- [GIVEN INFORMATION]:
- Opening Delimiter -

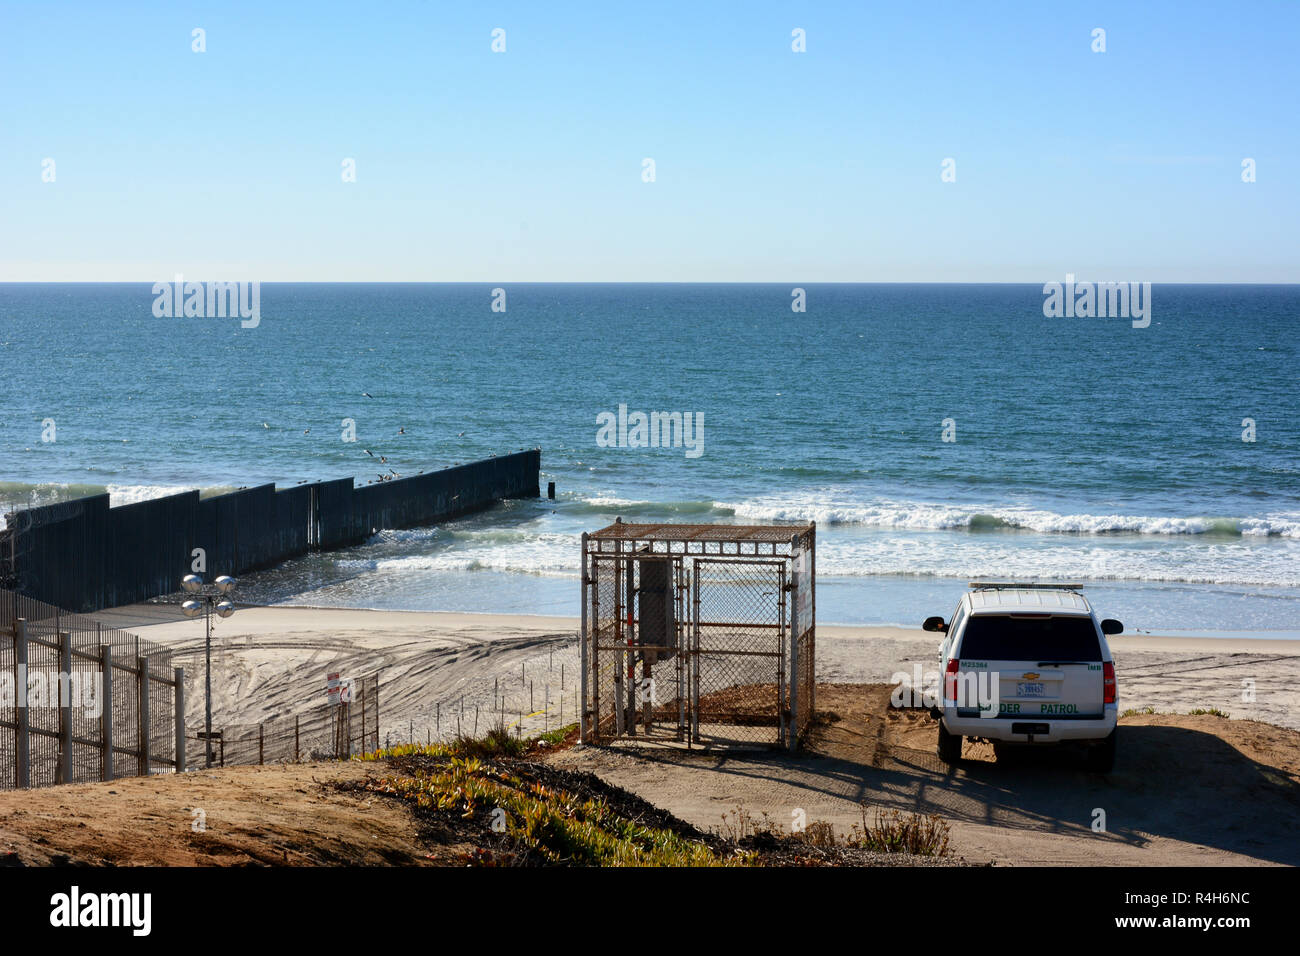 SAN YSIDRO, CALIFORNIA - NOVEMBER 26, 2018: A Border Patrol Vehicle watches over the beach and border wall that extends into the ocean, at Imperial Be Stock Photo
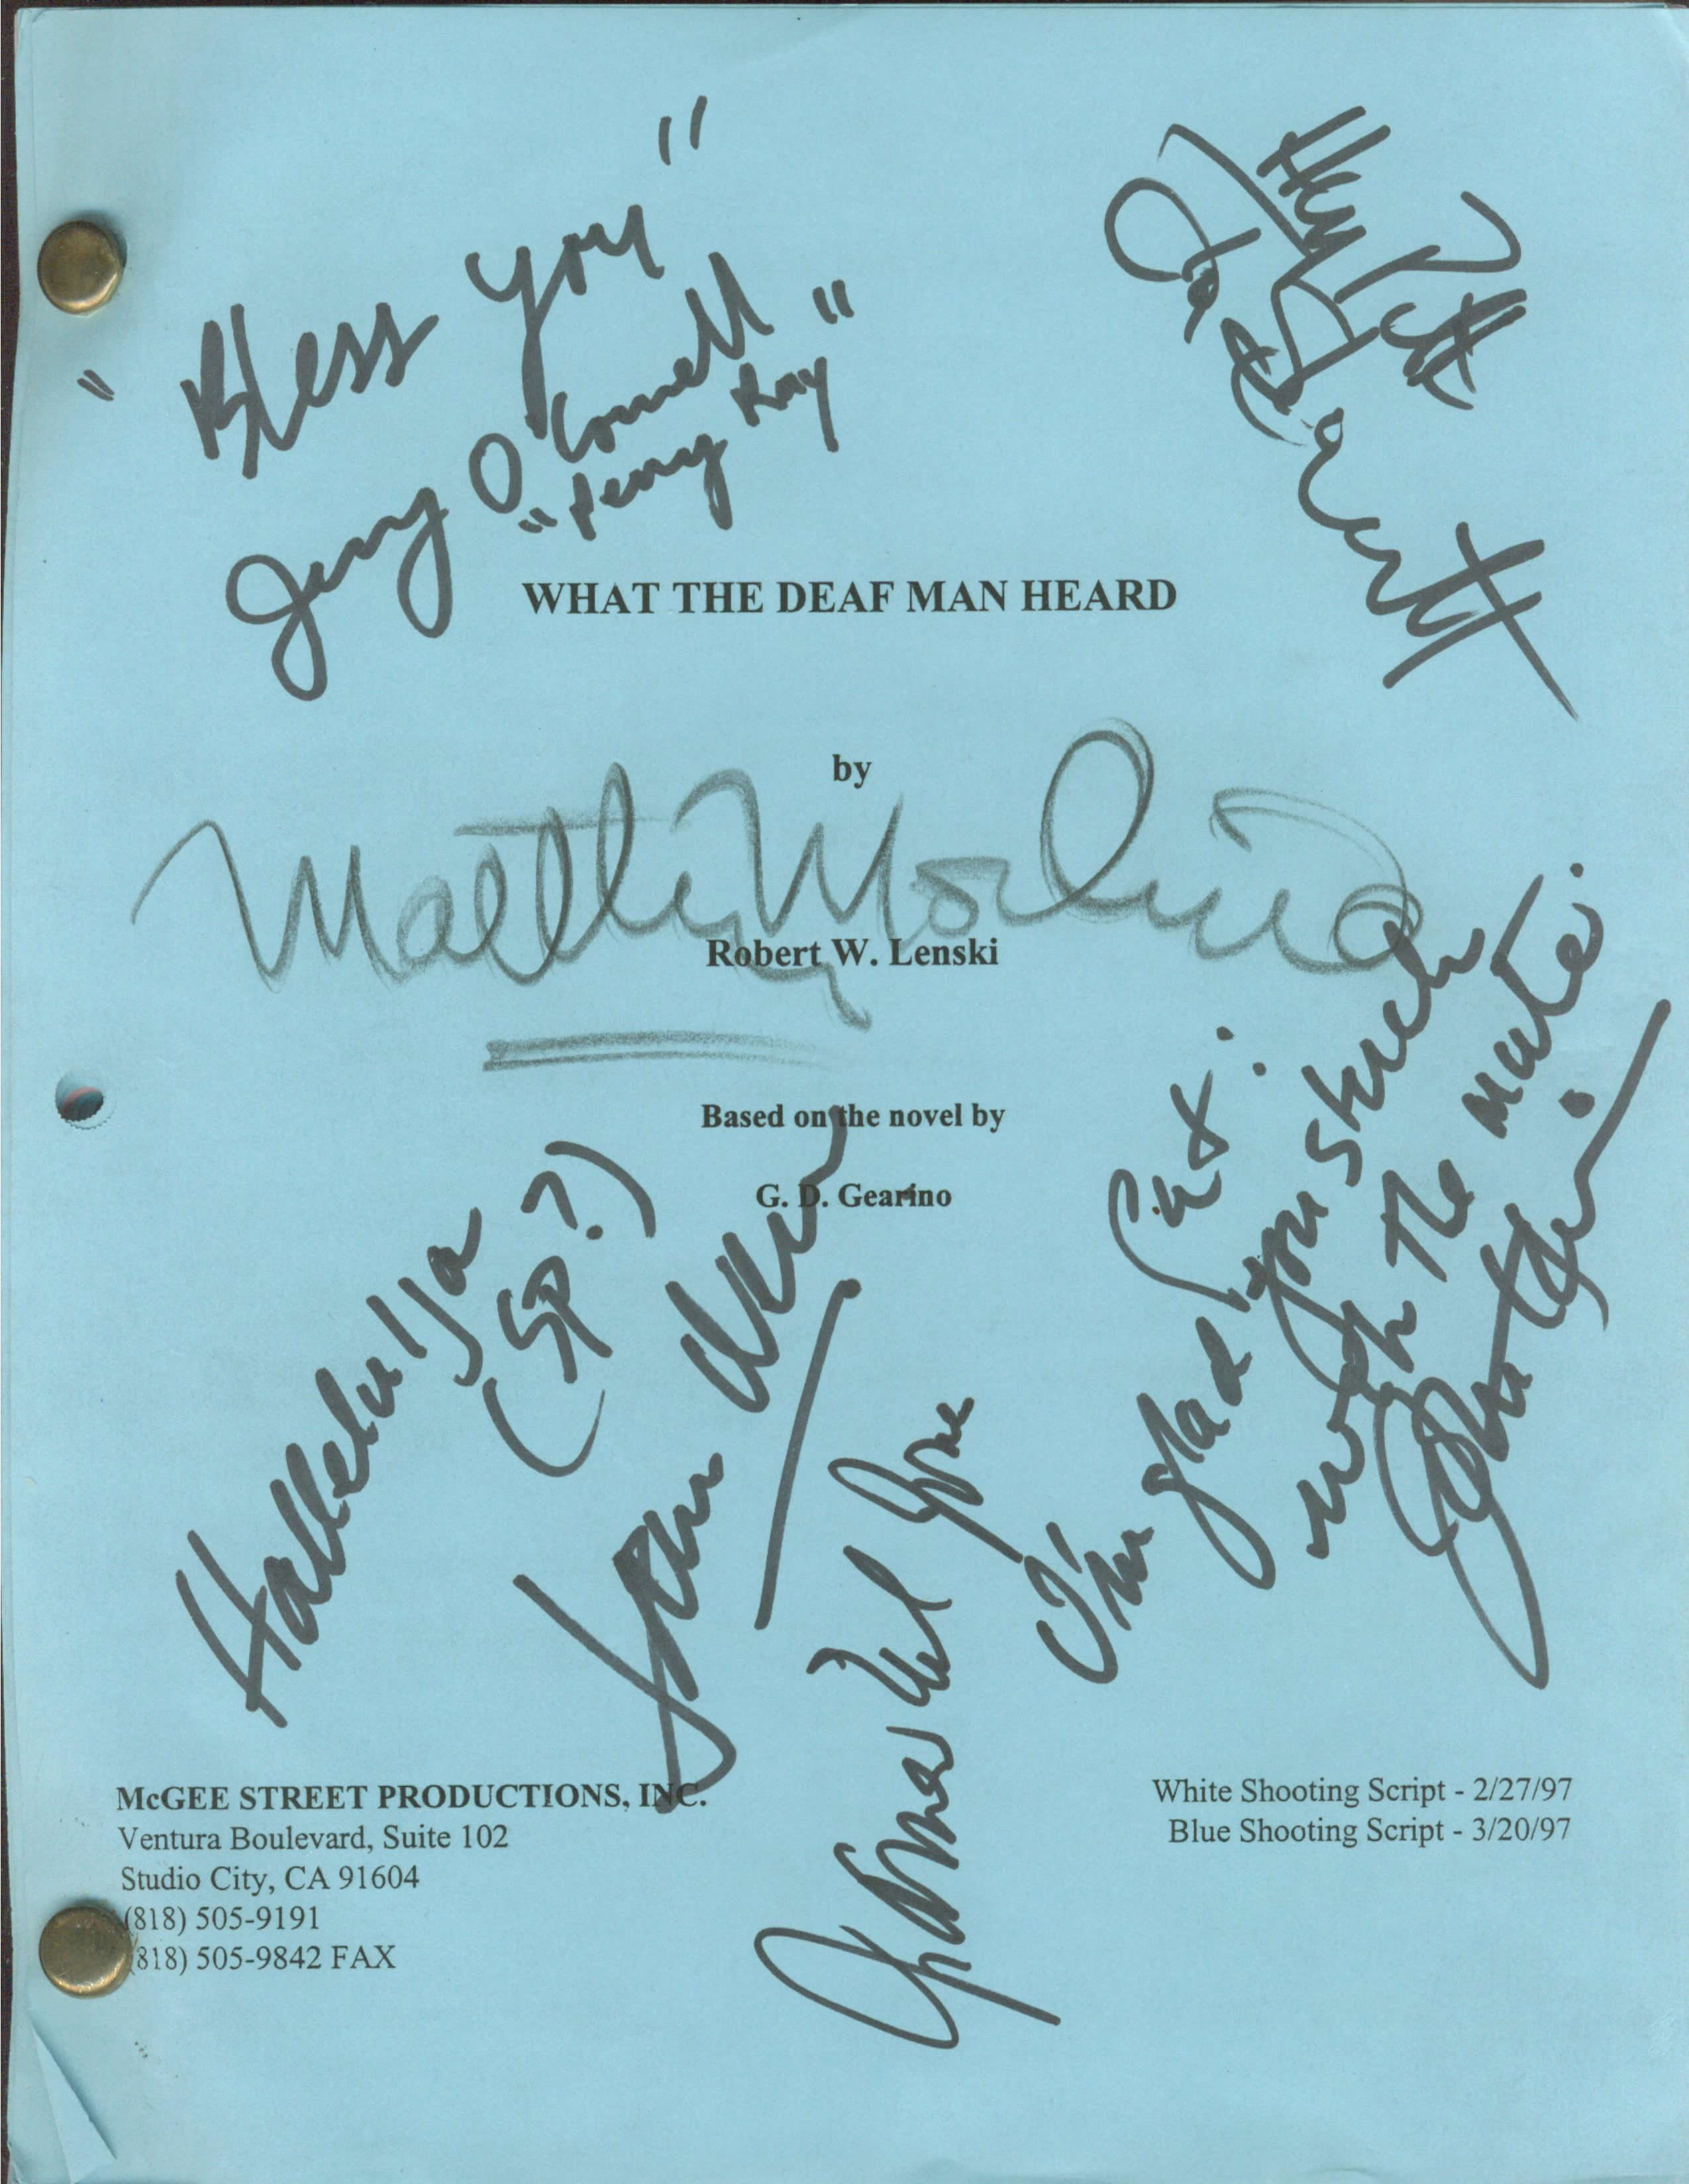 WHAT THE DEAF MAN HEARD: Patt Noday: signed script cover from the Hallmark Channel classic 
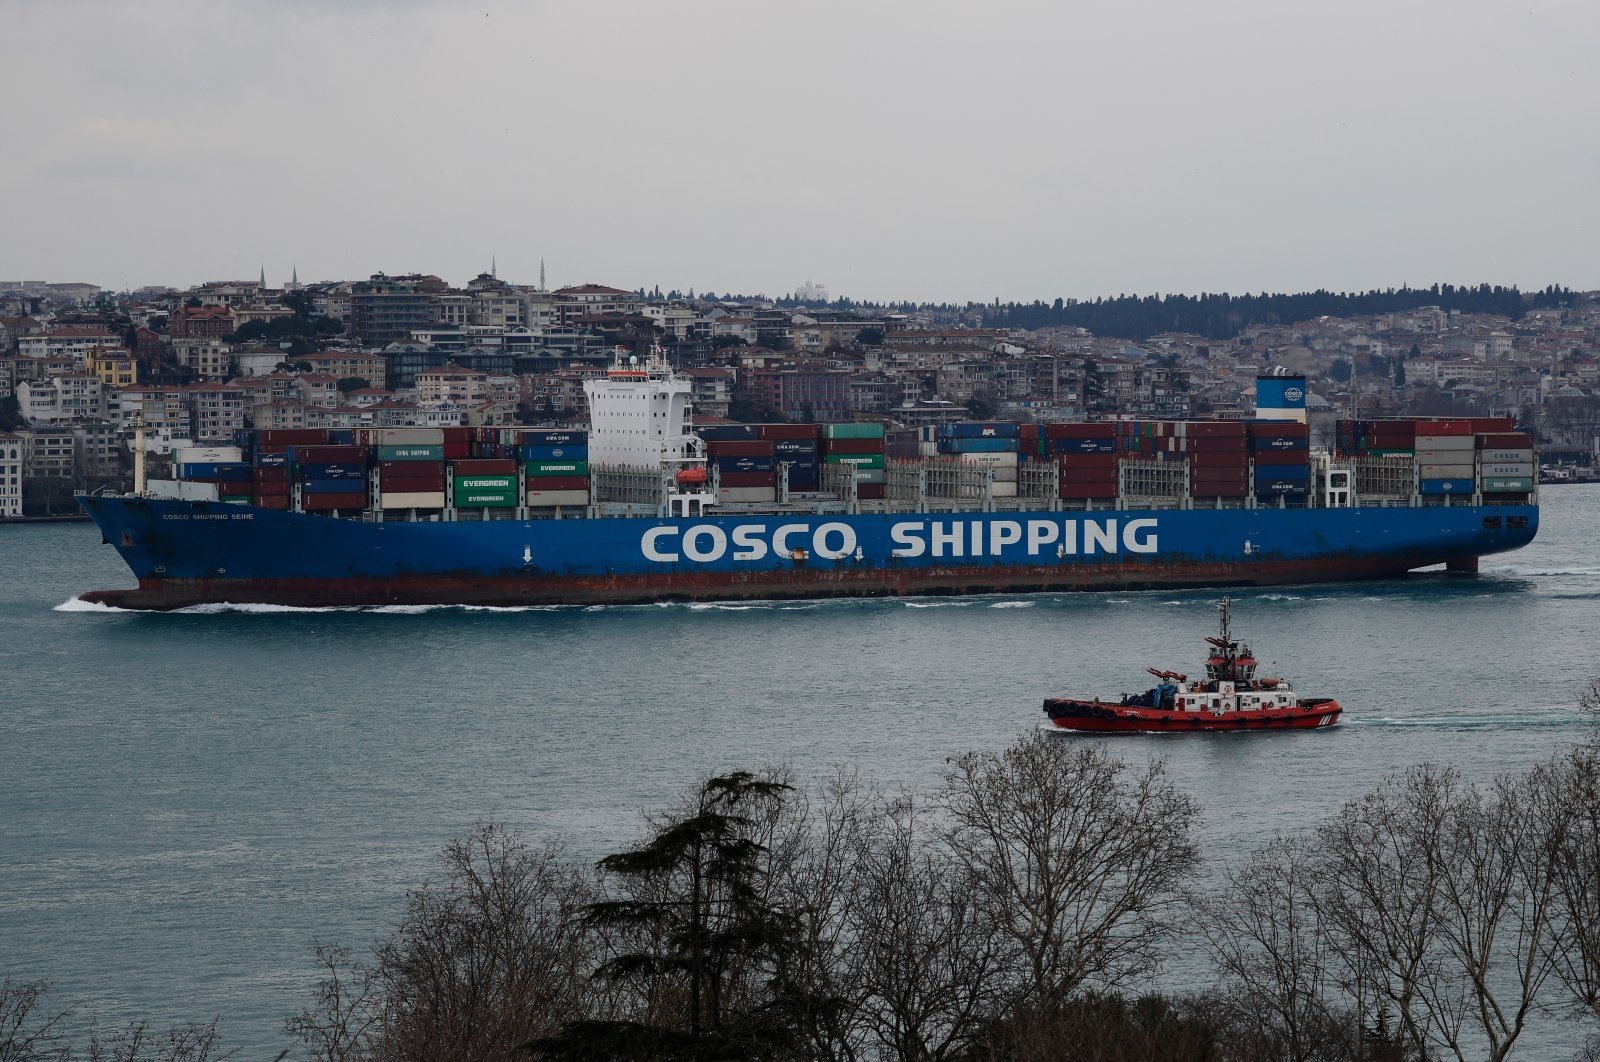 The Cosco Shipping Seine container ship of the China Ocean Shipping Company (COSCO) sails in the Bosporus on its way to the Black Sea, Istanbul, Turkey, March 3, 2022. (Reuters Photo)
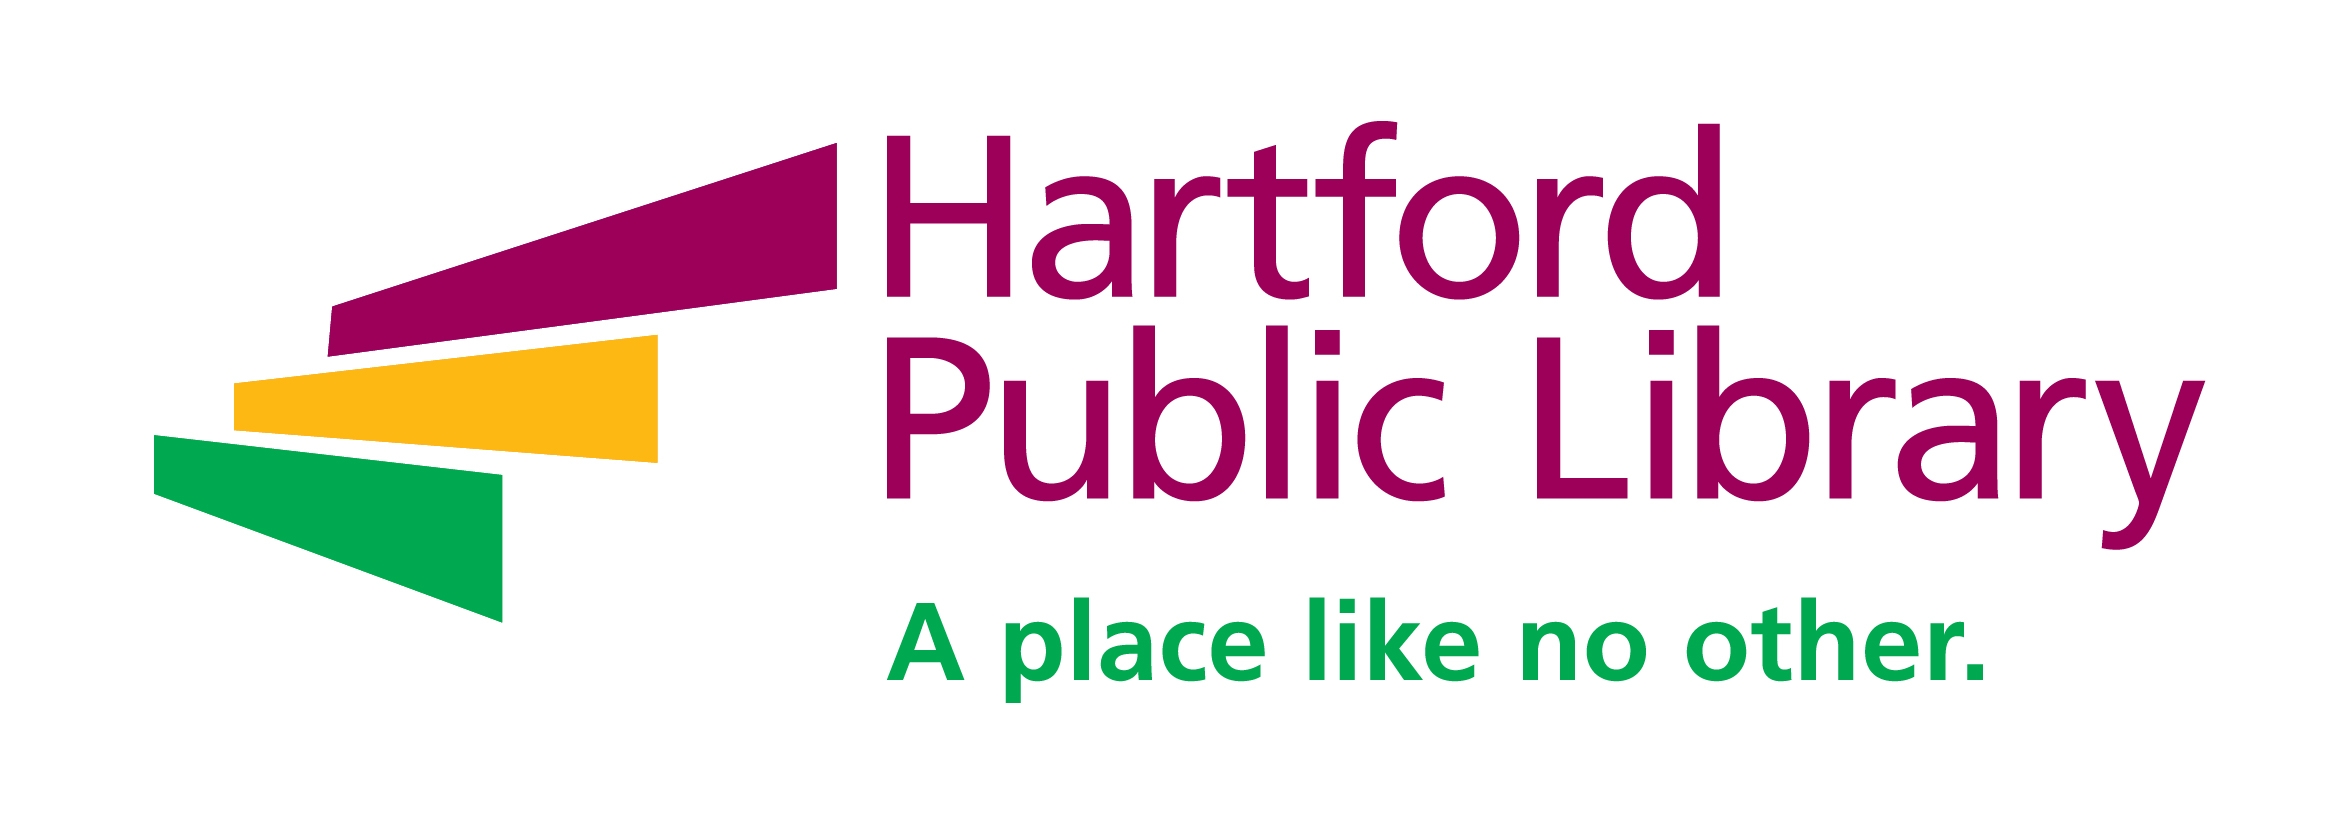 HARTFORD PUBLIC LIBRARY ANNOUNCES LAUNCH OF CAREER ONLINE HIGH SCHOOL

- Closing Delimiter -

- [PROBLEM TO WORK ON]: Retype the listing above exactly, please. Pictures do not belong in the copy.

- [OUTPUT OF THE TASK]:
 SAN YSIDRO, CALIFORNIA - NOVEMBER 26, 2018: A Border Patrol Vehicle watches over the beach and border wall that extends into the ocean, at Imperial Be Stock Photo
 WHAT THE DEAF MAN HEARD: Patt Noday: signed script cover from the Hallmark Channel classic 
 The Cosco Shipping Seine container ship of the China Ocean Shipping Company (COSCO) sails in the Bosporus on its way to the Black Sea, Istanbul, Turkey, March 3, 2022. (Reuters Photo)
 HARTFORD PUBLIC LIBRARY ANNOUNCES LAUNCH OF CAREER ONLINE HIGH SCHOOL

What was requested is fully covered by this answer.